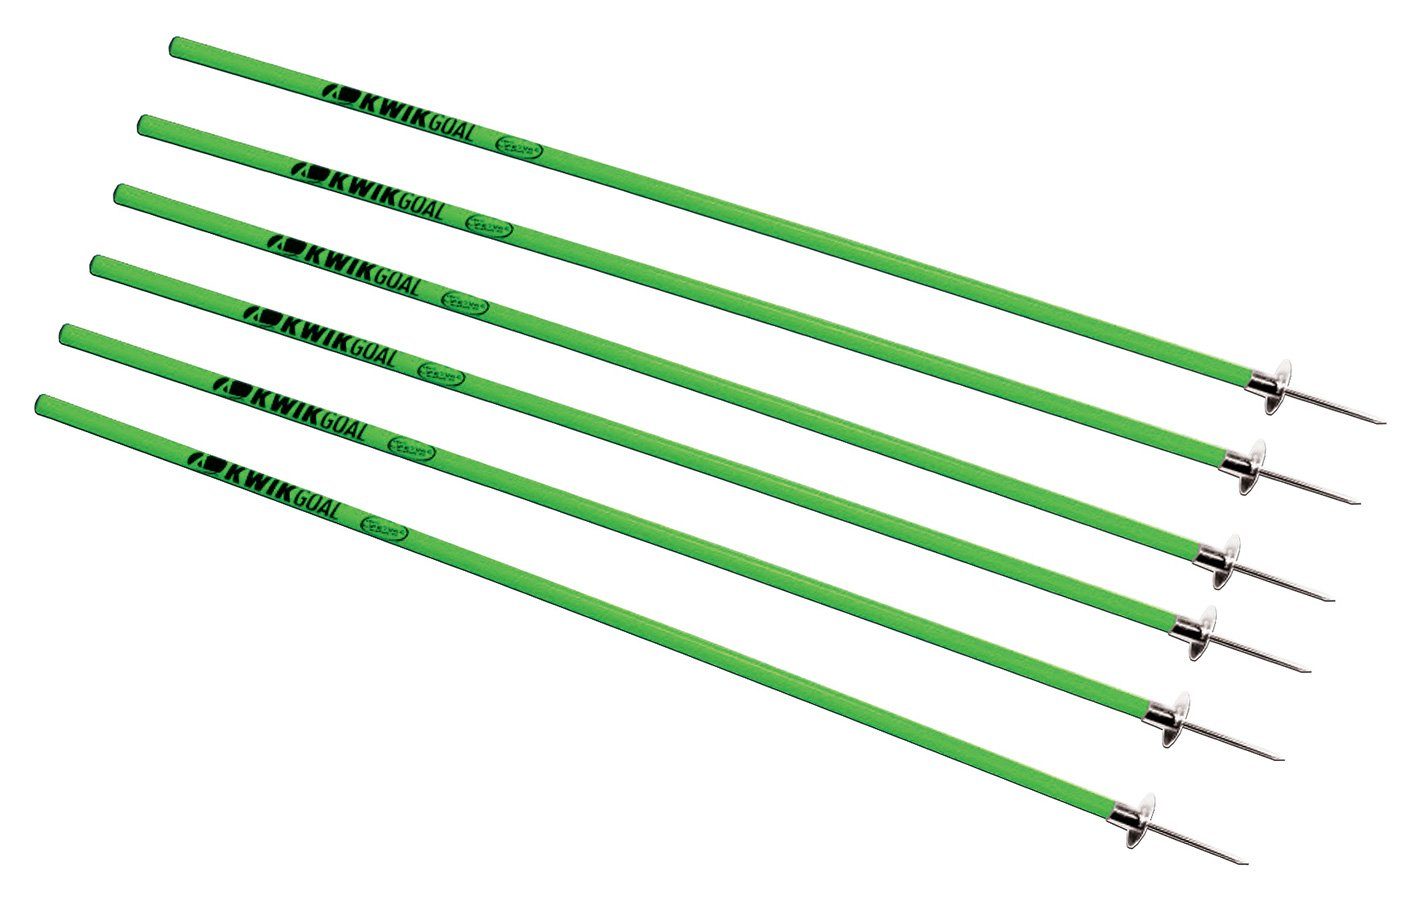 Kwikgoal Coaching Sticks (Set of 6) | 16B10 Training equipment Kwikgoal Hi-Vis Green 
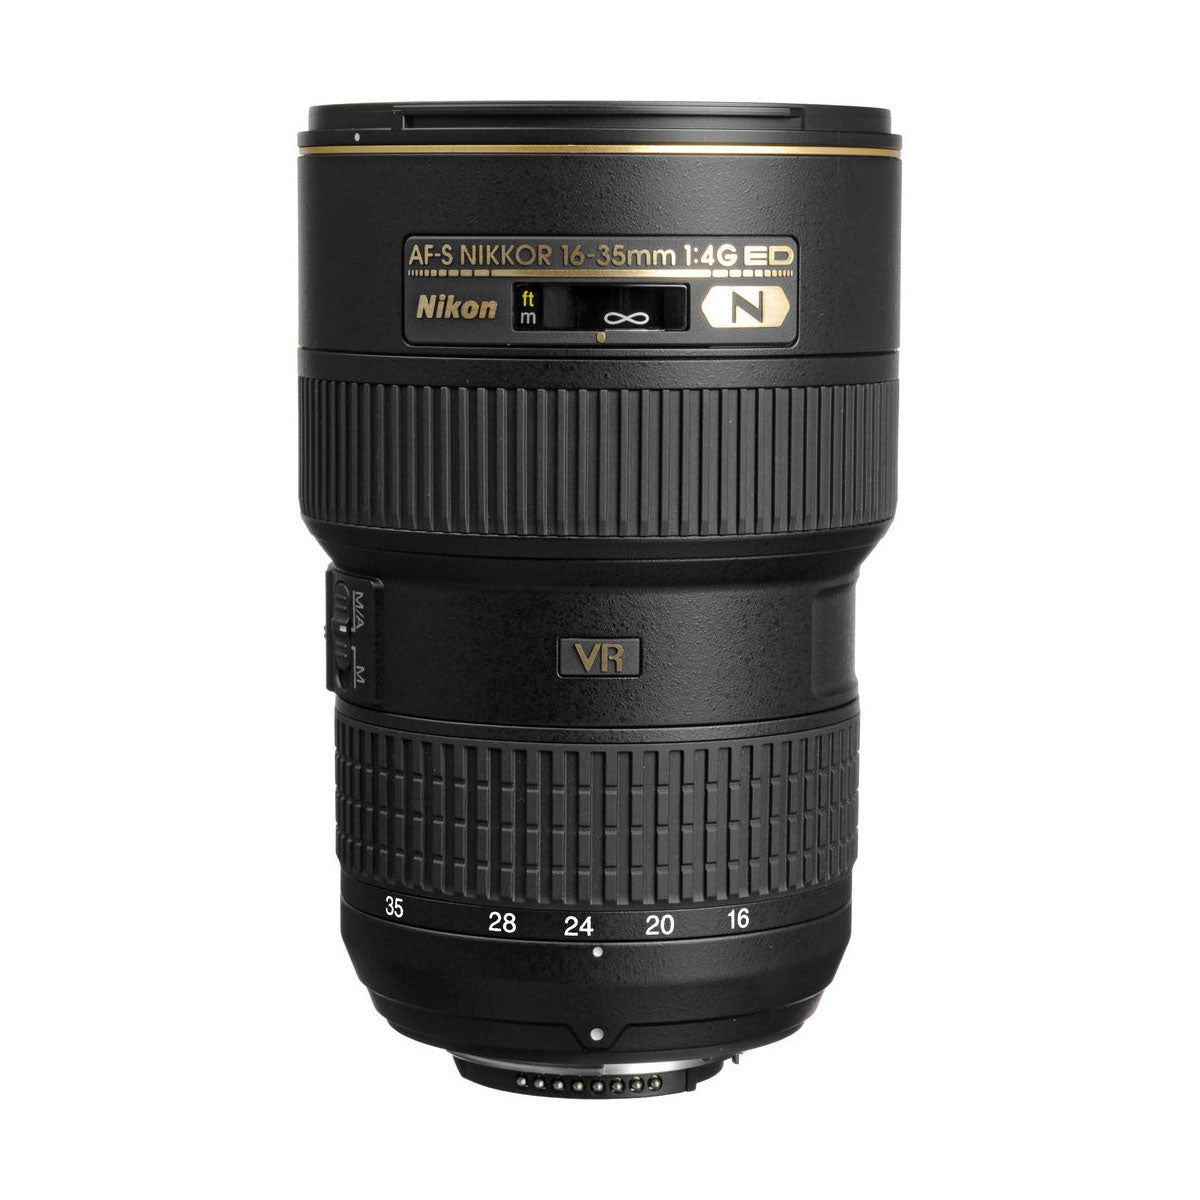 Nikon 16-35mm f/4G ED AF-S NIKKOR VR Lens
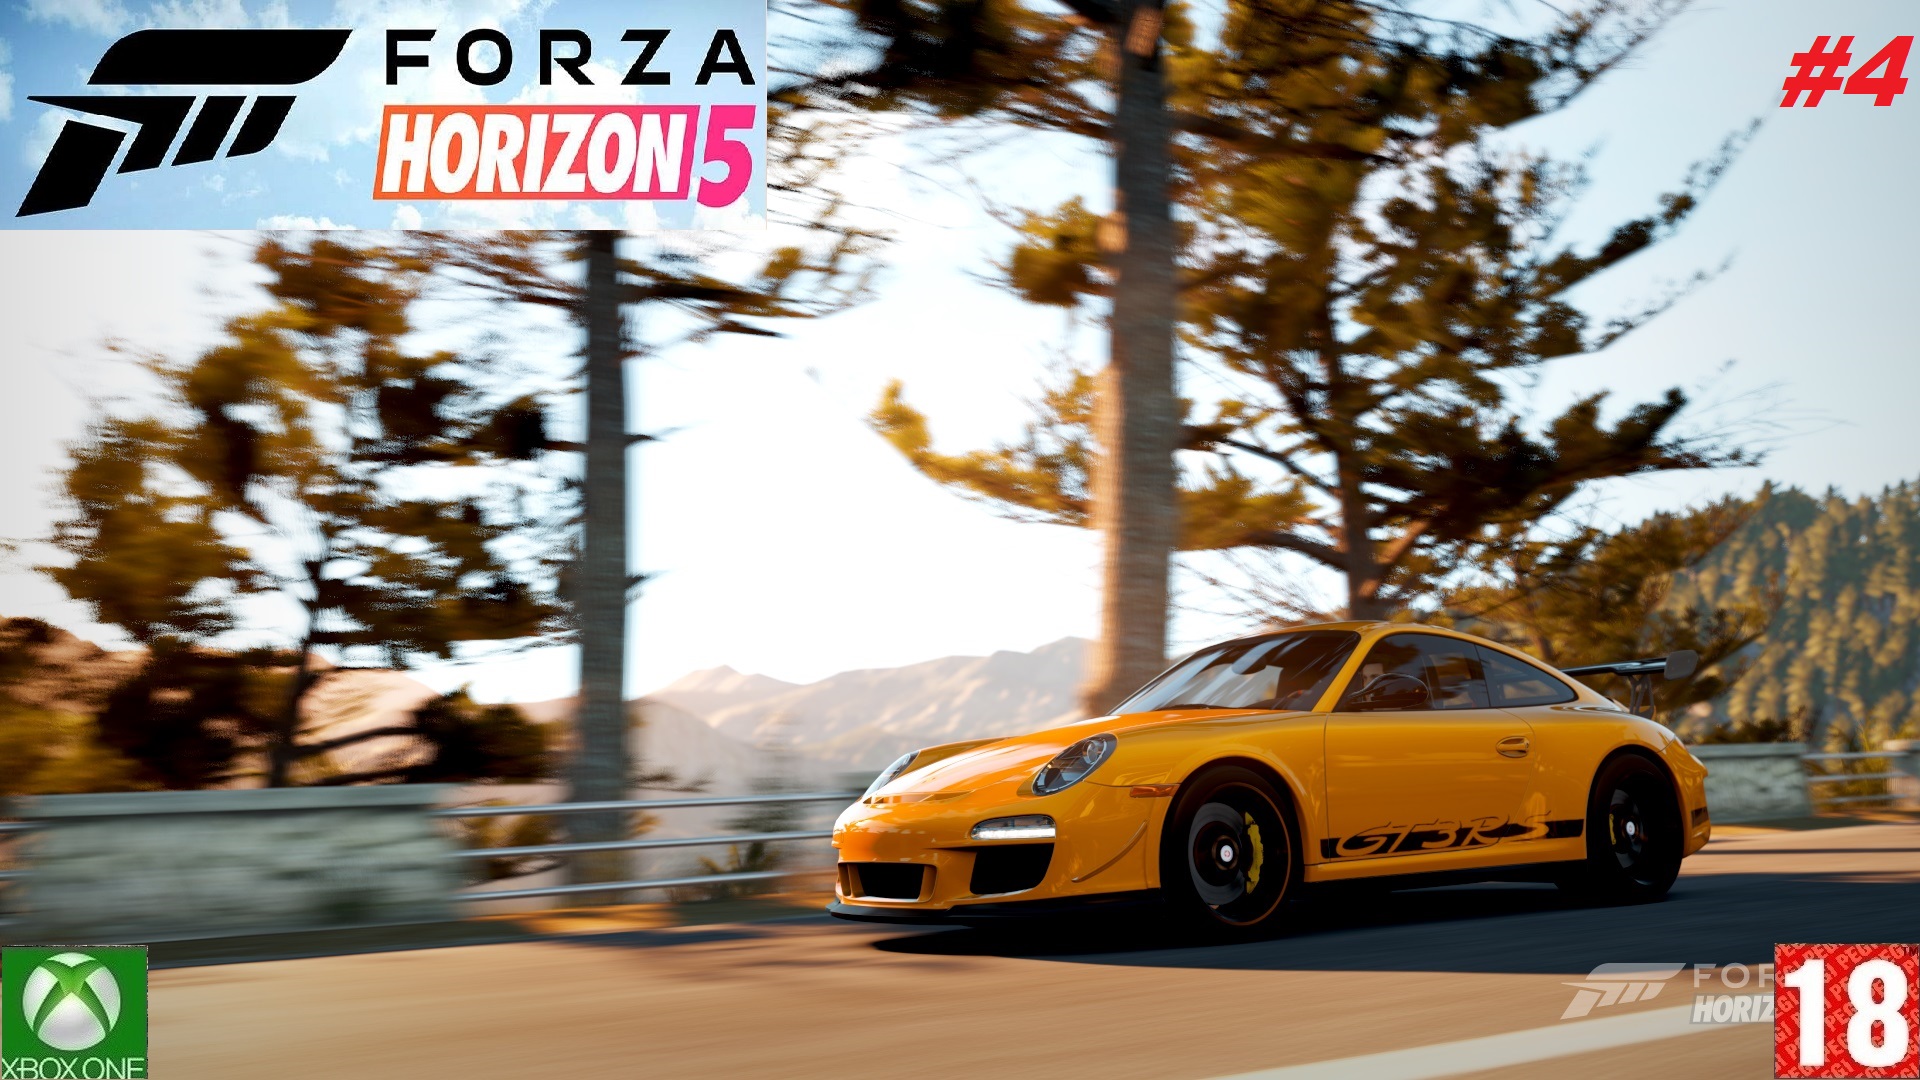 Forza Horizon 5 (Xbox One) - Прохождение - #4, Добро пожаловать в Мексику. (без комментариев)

- _YOUR ASSIGNMENT_:
A verbatim copy of the material, pictures excluded, is what must be produced.

- _WRITTEN RESPONSE_:
 Kwikgoal Coaching Sticks (Set of 6) | 16B10 Training equipment Kwikgoal Hi-Vis Green 
 Nikon 16-35mm f/4G ED AF-S NIKKOR VR Lens
 Forza Horizon 5 (Xbox One) - Прохождение - #4, Добро пожаловать в Мексику. (без комментариев)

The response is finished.